Bode Miller putting weight on outside ski.

If you look at Bode Miller here, you will see a similar leg position in his downhill race  turn at Beaver Creek Birds of Prey World Cup. As soon as his outside ski makes contact, he will have it fully pressurized because of his leg and hip position.  This is very similar to the cyclist who is able to execute a steep turn on his mountain bike by allowing his outside pedal to be fully pressured in the turn.  Oftentimes when I ride, I can even feel a slightly countered position on my bike allowing the outside pedal to be fully under pressure and my inside pedal in the up position and stable in the turn.  I learned how efficient this is when I used to race on my road bike.  Those high speed turns have to be executed with the outside pedal fully under pressure, otherwise you cannot execute a tight high speed turn in the corners of a criterium race.  Racers who could not commit were often off the back or crashed out because of a poorly balanced turn. 

So, if you are longing for skiing during the off season, think about those turns during your bike rides.  Whether on the road or trail, the movements are very similar and can give you the feeling of a ski turn when it is 80 degrees outside.  Enjoy the summer and the riding. 


  1. Rus Davies says:

    Great article, Pat!

  2. As a mature gentleman who is rediscovering mountain biking after a long hiatus, I agree with the author’s basic point about similarities between skiing and mountain biking I am enjoying mountain biking much more having discovered the point about outside pedal being in down position during turns.
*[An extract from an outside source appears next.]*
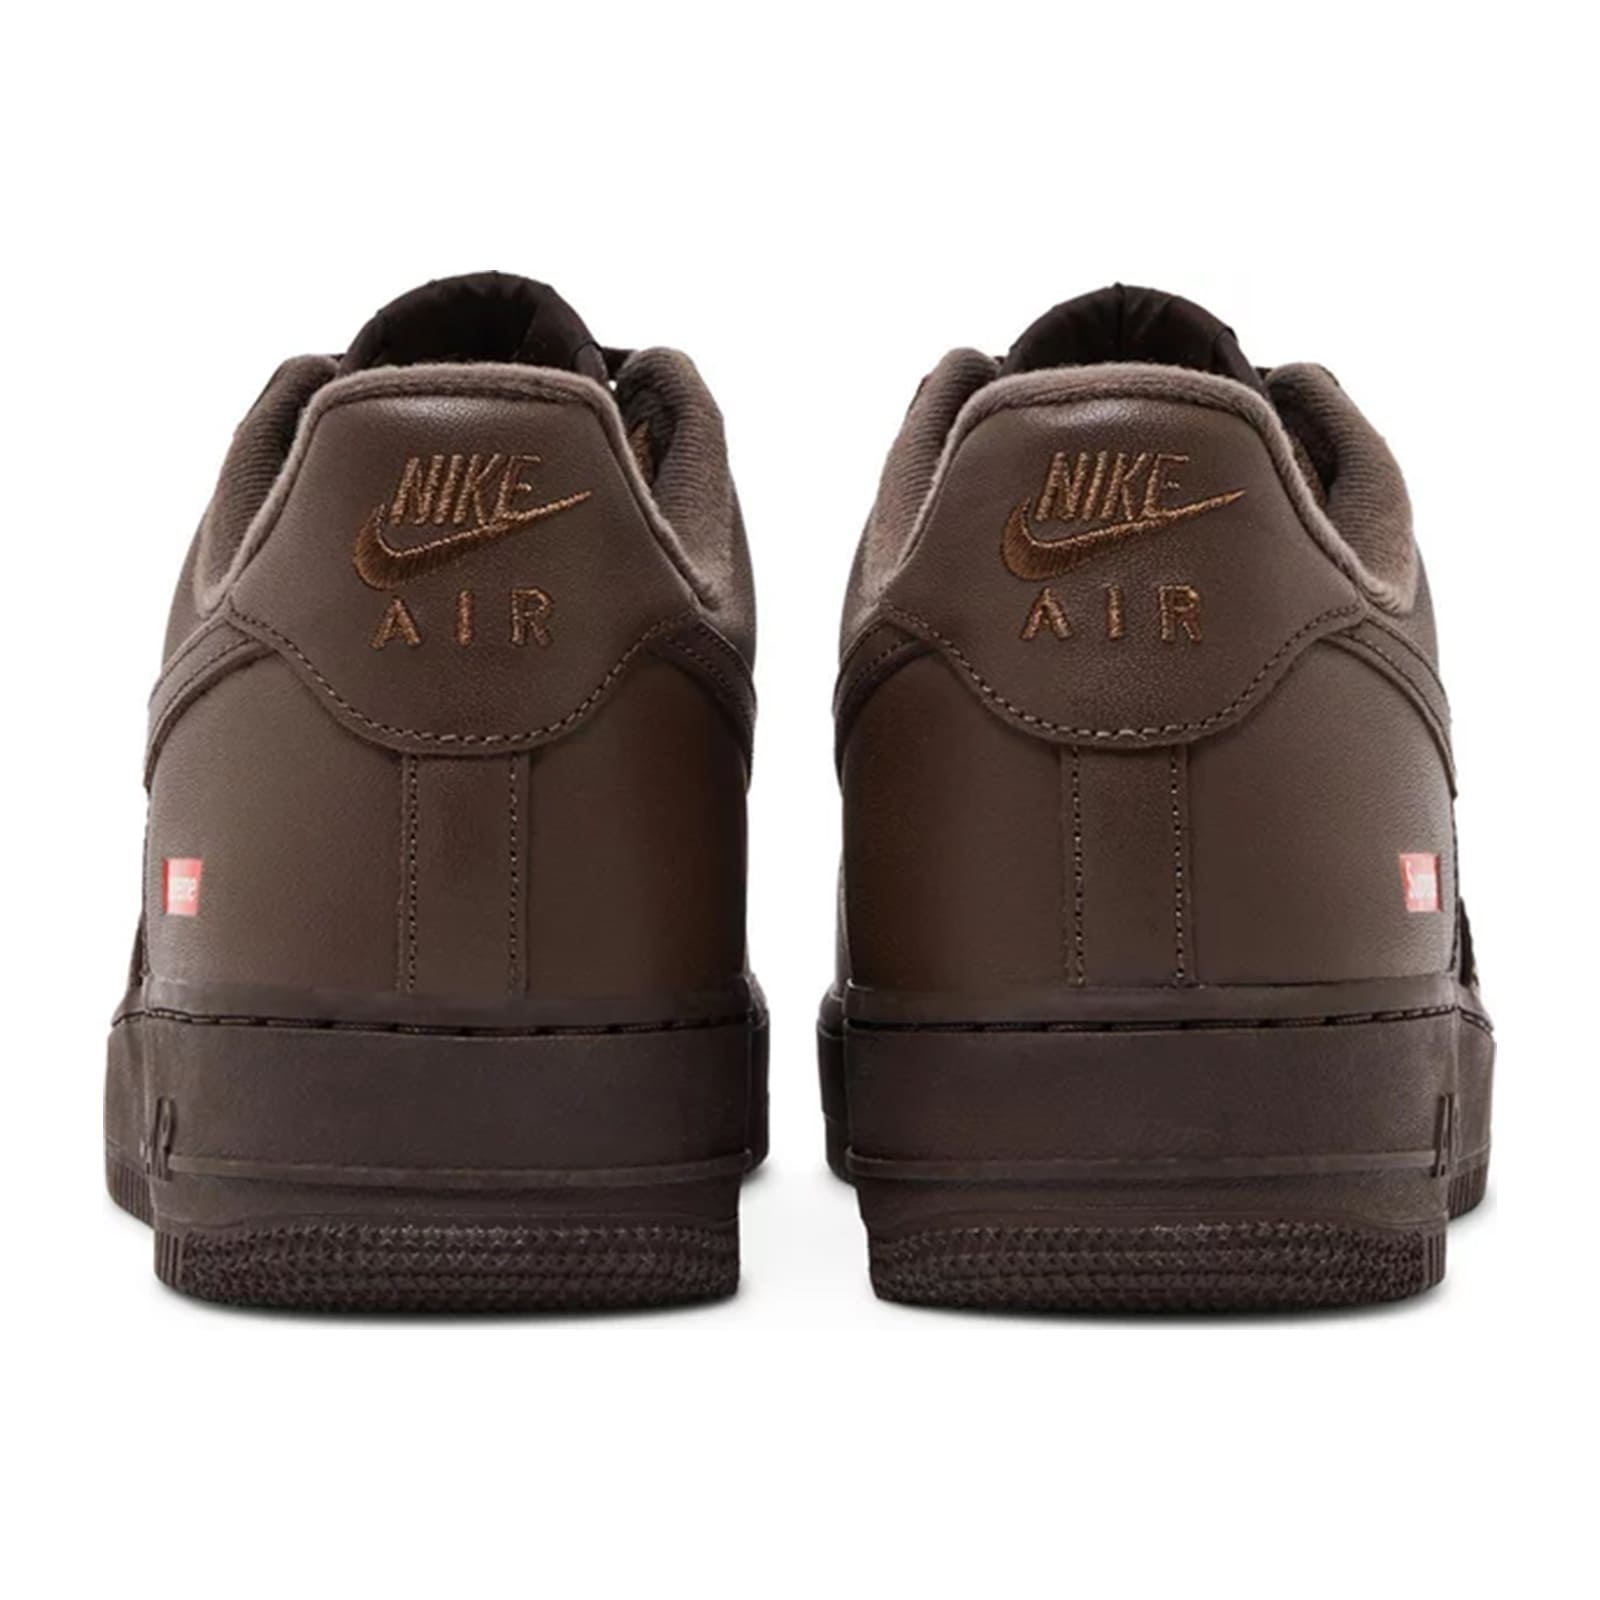 Nike nike huarache black yellow suede sandals, Supreme Box Logo- Baroque Brown

Like skiing, mountain biking encompasses lots of different types of terrain. Not everyone likes steep moguls on skis; similarly, not everyone likes steep rocky and/or very technical terrain on a bike. I have discovered the “flowy” trails can be a blast. Finding the trails that work for you is critical.

  3. Great article Patrick!

  4. Joanne Lasnier says:

    Bad habit of mine to look just beyond tips of skis!